Okay.  I don’t want this piece to be a defense of Hillary Clinton’s “handling” of State Department e-mails on her Chappaqua, NY, basement server that has caused so much kerfuffle among the press literati across the “biased for Clinton liberal news media,” No. This is not my intent.  But as an opening gambit, let me say right off that I fully understand both her and Colin Powell’s decision to keep non-classified e-mail communications away from the State Department’s classified computer system.  I can tell you from my personal experience that pretty much everyone I’ve ever dealt with at the State Department used the secure, official system only when absolutely, totally and fully necessary. 

But first: Full Disclosure!  I’ve met both Colin Powell and Hillary Clinton.  Powell, once at a State Department reception (he was personable, charming and funny!).  Clinton: a couple of times standing on the edge of Sidwell Friends School grassy field where her daughter and mine were playing field hockey and once during a Parent’s Night at the aforementioned school.  She was reserved, pretty much kept to herself in all three instances, but gracious when approached for all that. 

But I digress.  When the Clinton home e-mail server was revealed back – What?
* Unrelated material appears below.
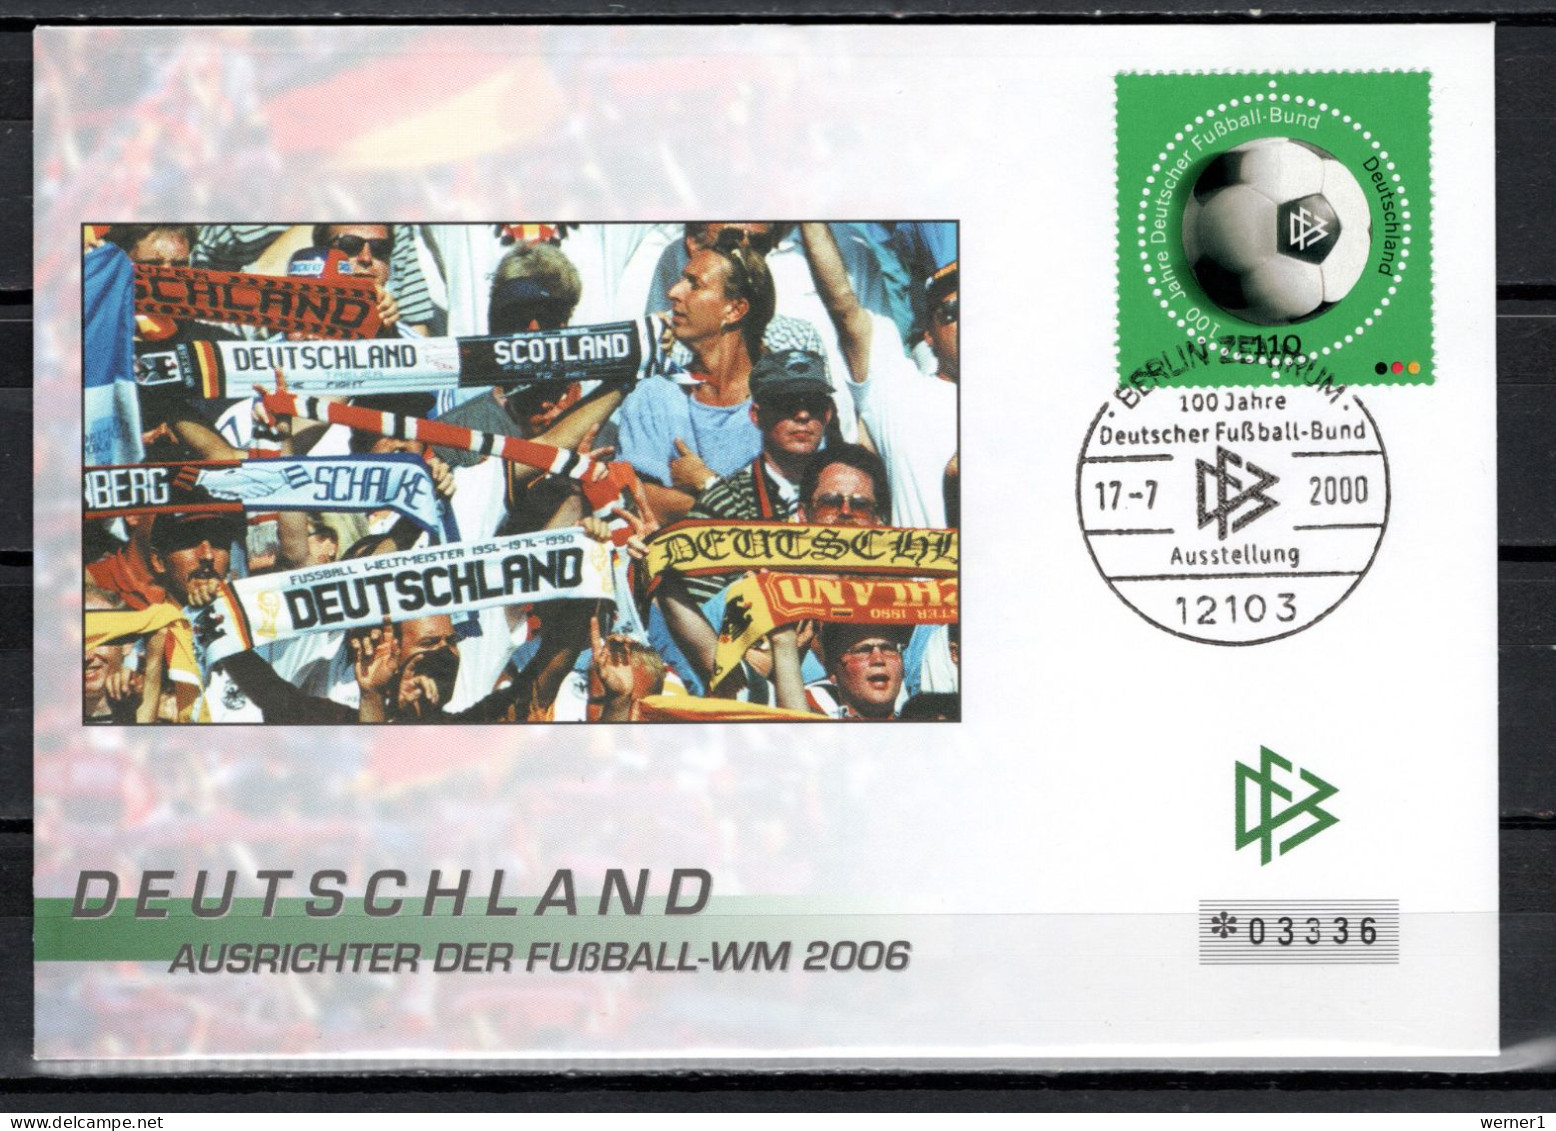 Germany 2000 Football Soccer World Cup Commemorative Cover - 2006 – Germania

A year ago although it seems like a decade now we’ve heard so much and so often about it – I actually laughed.  Me?  While I did think that it was unusual that a Secretary of State (until Powell’s admission) would set up an e-mail system entirely removed from the State Department, I wasn’t all that surprised.  Not surprised, that is, based on my own experience of two decades in dealing with State’s slow, messy, crashy and archaic computer system. 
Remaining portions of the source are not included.